Mar 13, 2011

Not much hope of recovery in the bottom sector of UK property market

The history of the UK property market is repeating itself as the traditional market leaders once again outpace the historic laggers, both in terms of house price growth and transactions, new analysis from Savills reveals.
Lucian Cook, director of research at the property adviser, has analysed fifteen years of Land Registry data and identified the locations which lead and those which lag over the course of a cycle of price growth, including the period when they emerge from a downturn, to see if history can tell us what to expect next in this recovery phase.
‘There is now a certain inevitability built into the market. The schism between the best and the rest is expected to continue to grow as the recovery progresses.  Ironically, it is the least affordable but most affluent areas that are leading, and will continue to lead the market both in terms of price growth and activity levels,’ said Cook.
‘For a long time we have known that certain areas of the country, typically located in London and the South East, lead the recovery before the laggers, often the northern metropolitan areas, catch up. Our analysis shows us that the recovery ripple usually takes between five and ten years to spread across the country as a whole,’ he added.
Values in the leading 10% of the country grew by 7.5% over the past year and are now just a fraction off peak levels, while the bottom 10% of areas saw prices fall by 3% and are almost 20% off peak.
This pattern is expected to translate into a significant outperformance by the top tiers in the short to mid term.  The Savills forecasts anticipate that the top areas will see prices rise by a third over the next five years, while the bottom end of the market will struggle to see any price growth.
During the period from 2000 to 2005 the bottom tiers of the market rebounded strongly and outperformed the traditional market leaders, with 123 per cent price growth compared to just 43 per cent for the top slice of the market. ‘However, they started from a low base and factors such as low levels of equity, mortgage scarcity and poor economic indicators mean that growth ultimately proved unsustainable,’ said Cook.
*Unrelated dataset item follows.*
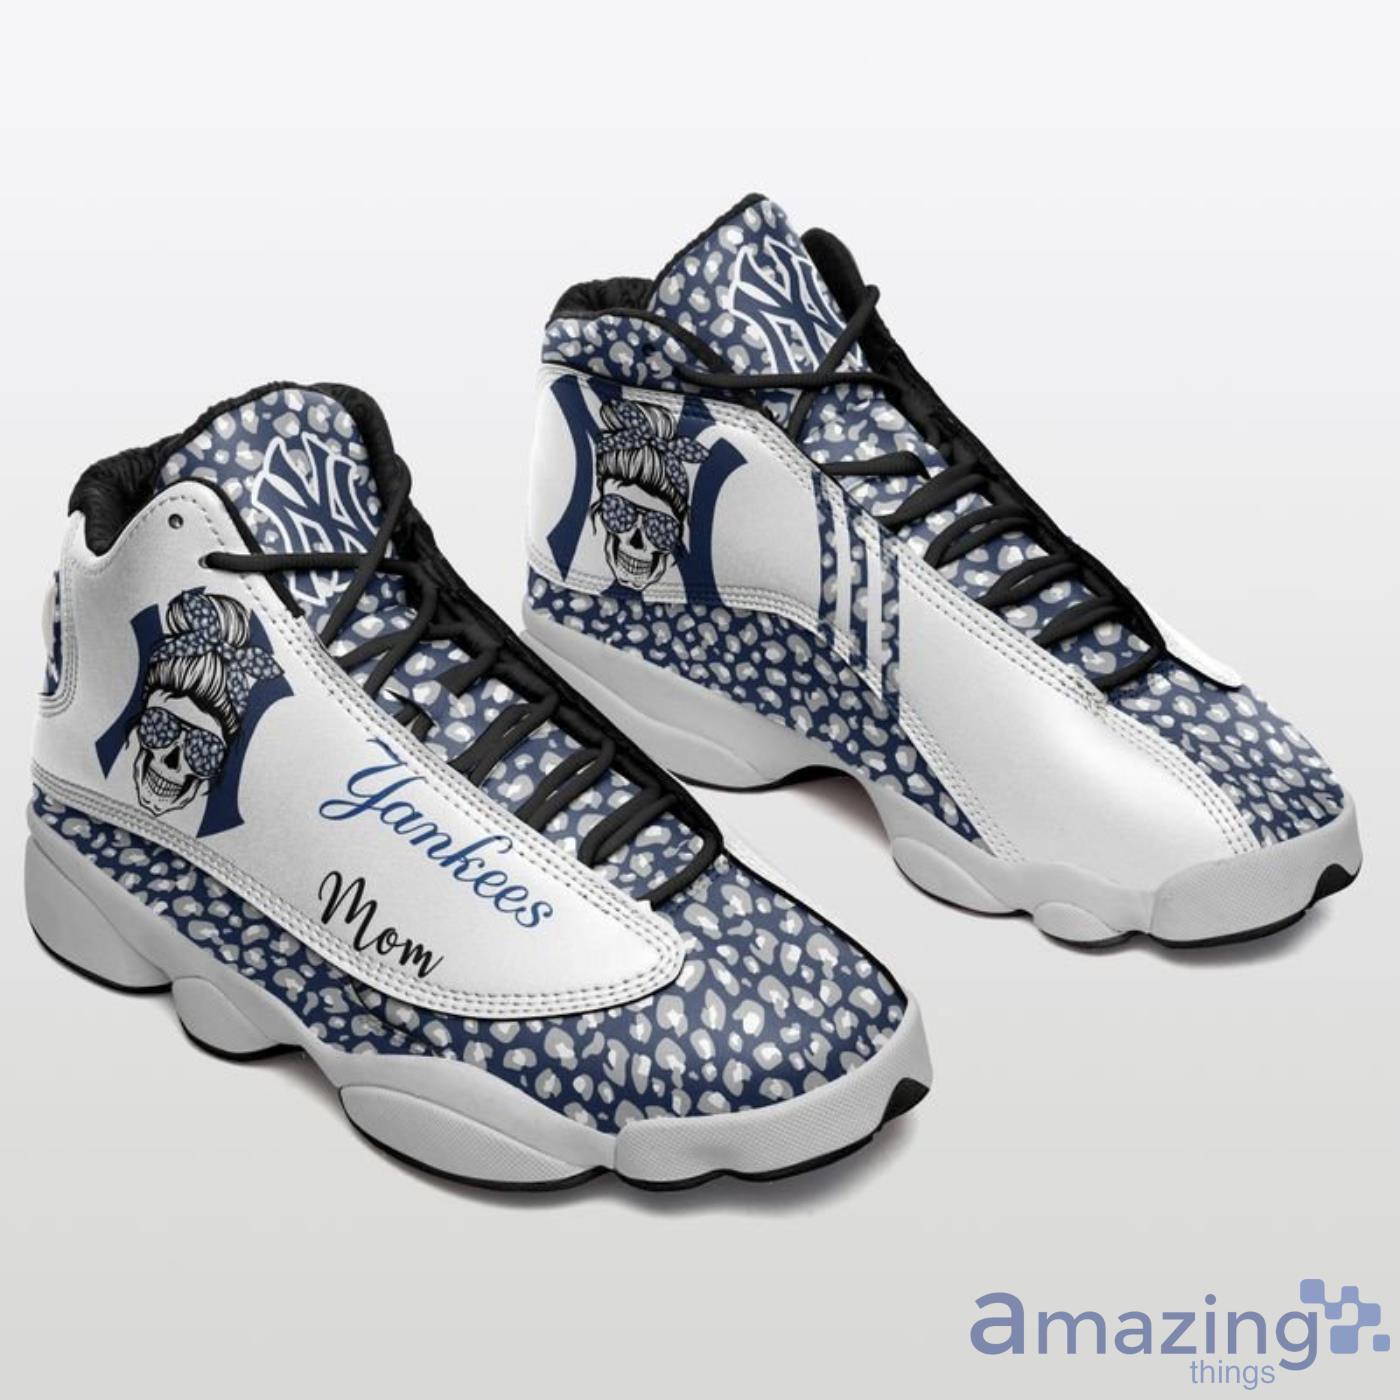 New York Yankees Sneakers Air Jordan 13 Shoes - TAGOTEE %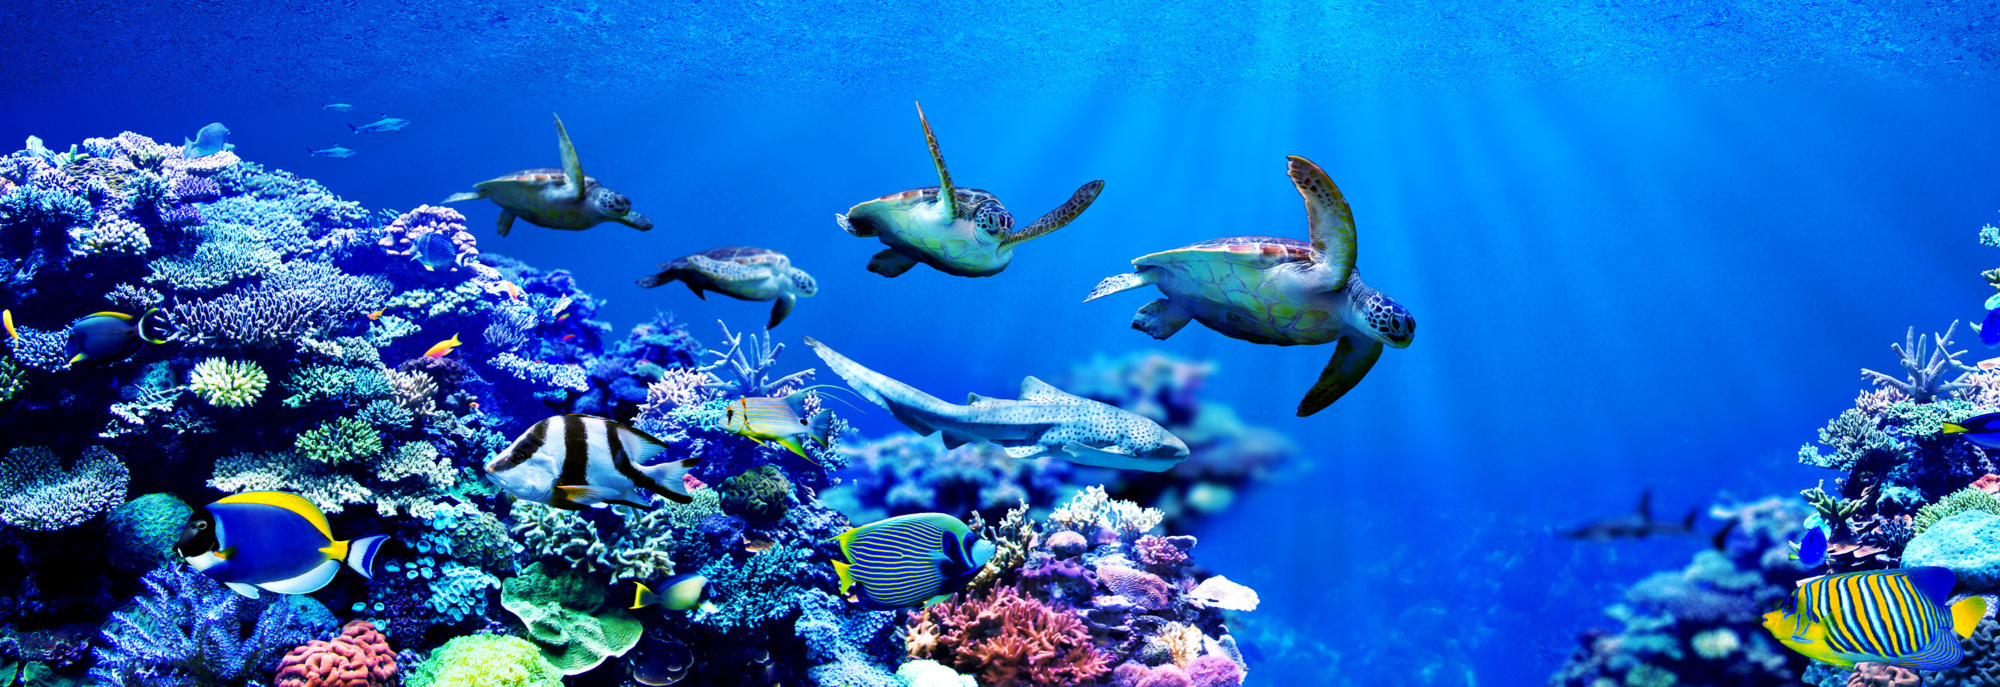 Le blanchissement des coraux est une conséquence des activités humaines. ©  Chonlasub, Adobe Stock

‘There is a real question mark over whether the bottom end of the market has the capacity to outperform in the second part of this cycle, particularly if we have an ongoing mortgage constrained environment with greater regulation and different lending criteria applying to equity rich and equity poor borrowers,’ he explained.
Average prices in the top 10% exceed £410,000, more than eleven times the average household income, while average prices in the bottom 10% have slumped below the £100,000 mark, under five times the average household income.
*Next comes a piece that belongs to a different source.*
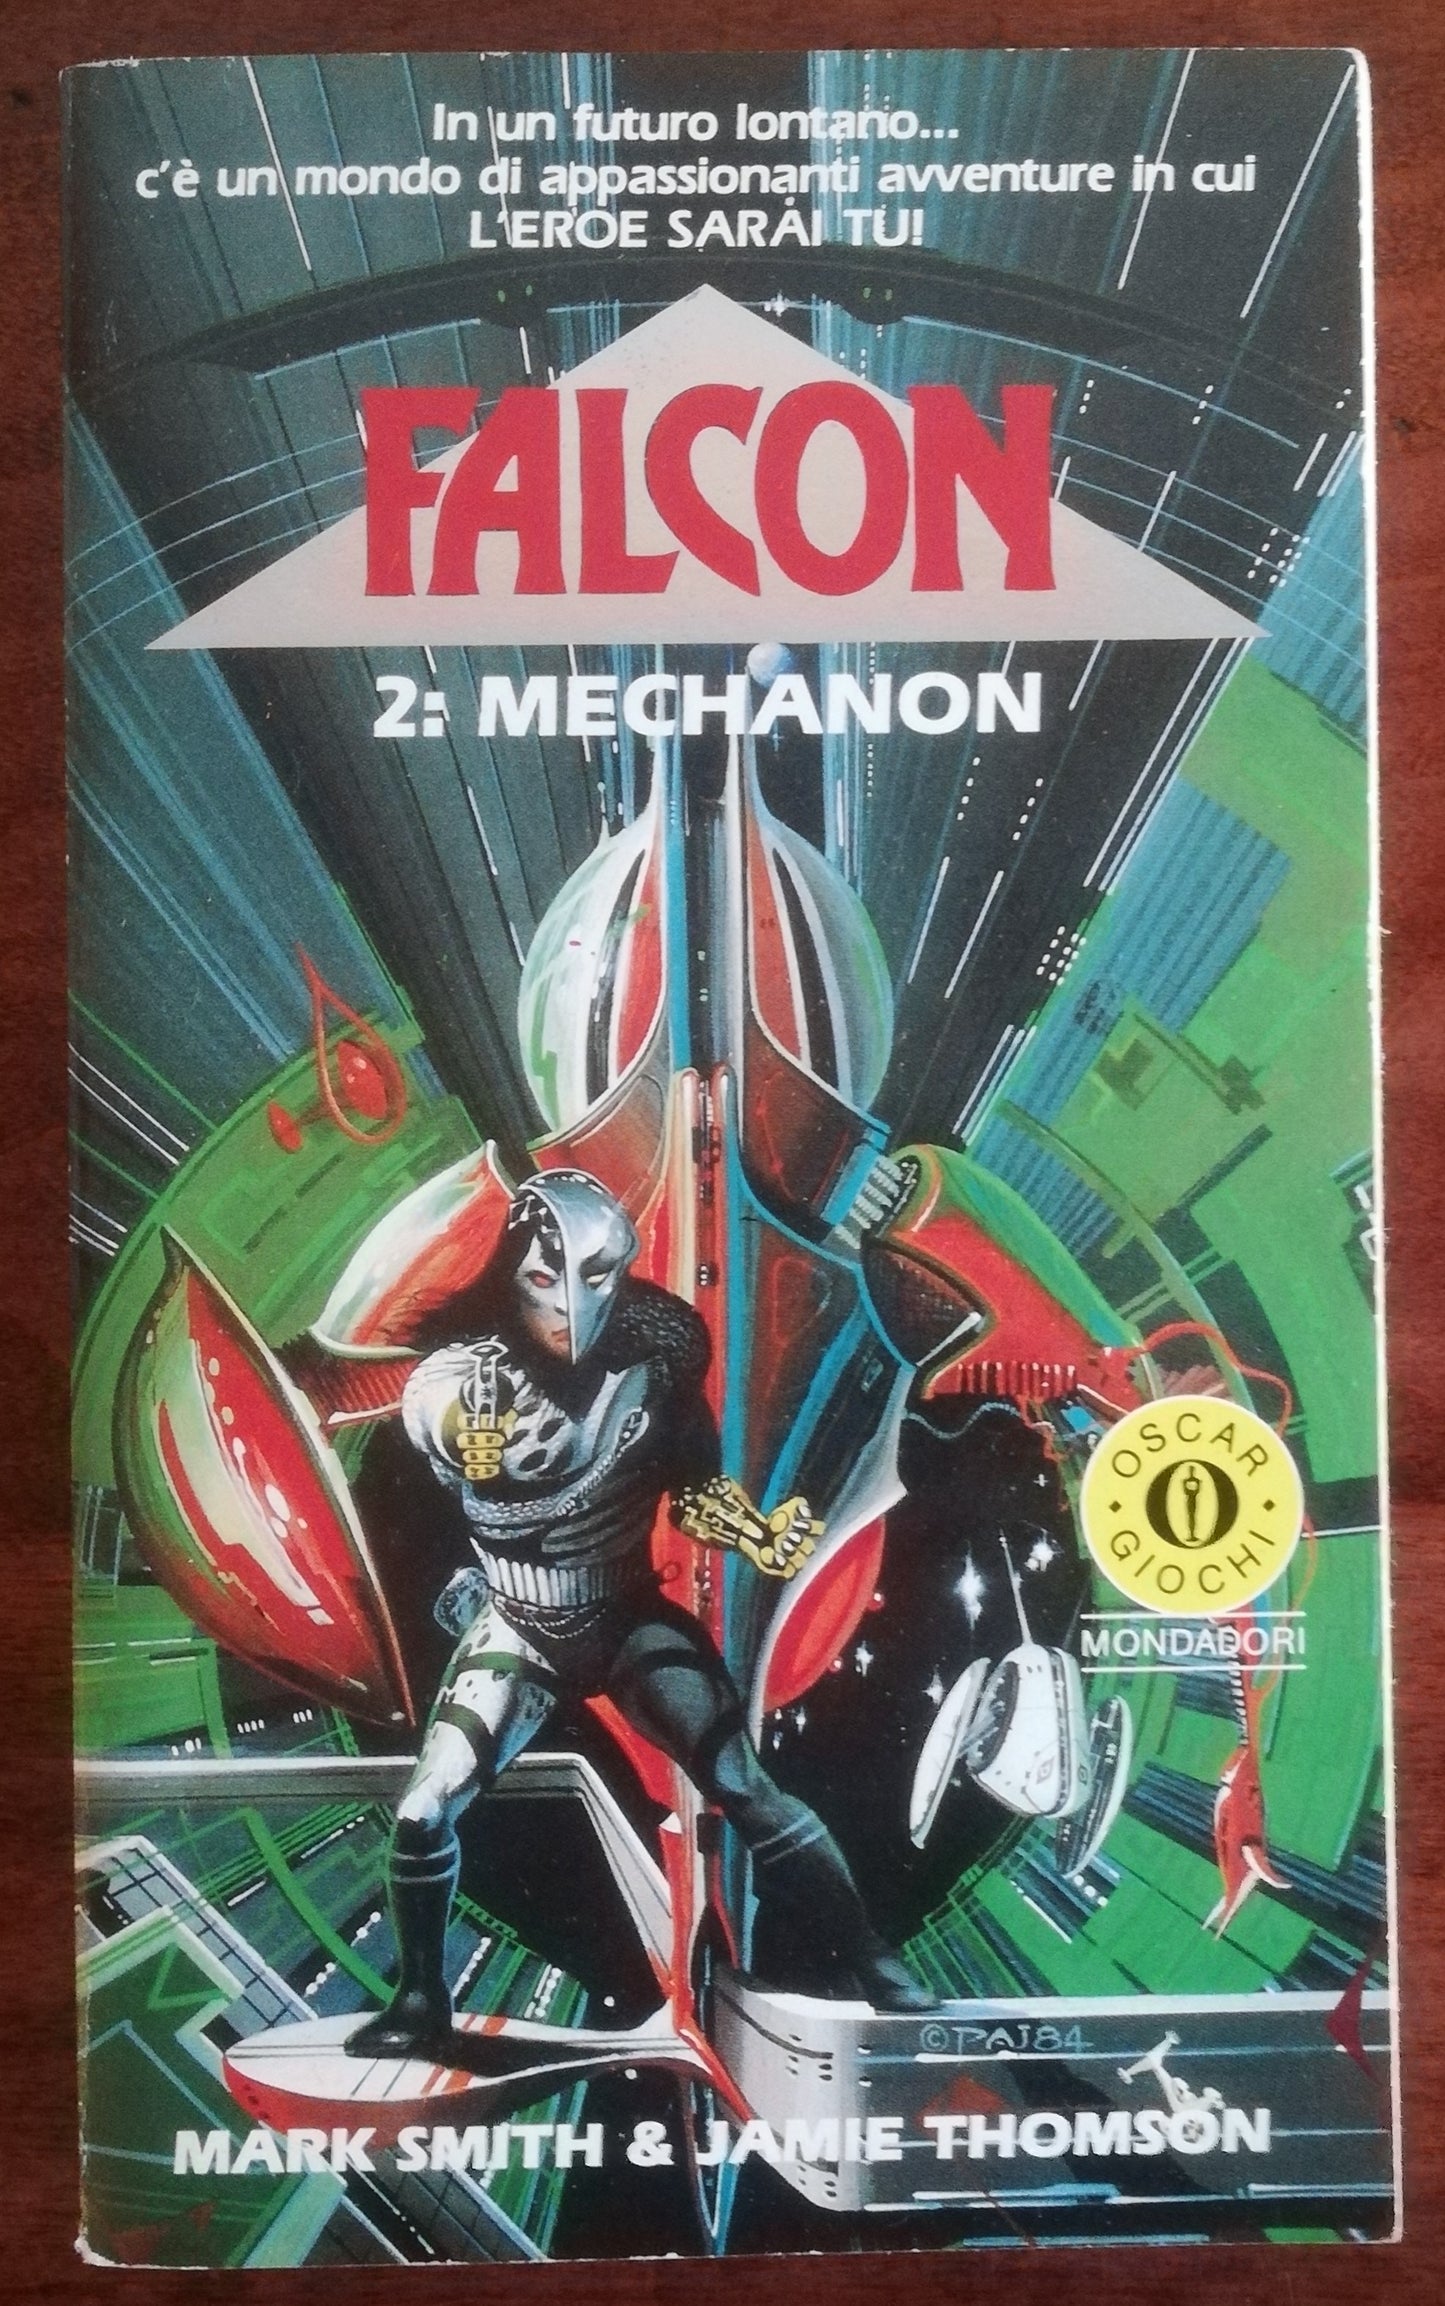 Falcon 2: Mechanon - Mondadori

Even at this apparently affordable level the bottom tiers of market do not have the potential to bounce in line with the top end. Its recovery may only be possible if and when mortgage lending frees up, or as investors start to see potential in the local private rental sector,’ he added.
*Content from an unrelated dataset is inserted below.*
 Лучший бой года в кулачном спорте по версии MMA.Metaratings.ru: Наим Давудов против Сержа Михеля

The list of top performers from 1995 to 2010 is totally dominated by London boroughs, while the laggers tend to be northern locations with low levels of affluence and a traditional industrial heritage.
Yet there are distinct variations within regions. For example, Windsor and Maidenhead leads the market much in the same way as a prime area of London, whilst Brighton acts like a London borough. Through the South East, the ripple effect flows quickly into Surrey and Berkshire but with less speed into East Kent or Essex.
The study also highlights areas of the country which perform more like the capital and its commuter hinterland than their own region. Locations like Bath and North East Somerset and Cambridgeshire and the Cheshire belt from Altrincham to Alderley Edge are clear leaders as if they were located in the South East.
It is also clear that there are regional market leaders such as Solihull in the Midlands, York in the North and the Cotswolds and City of Bristol in the South West.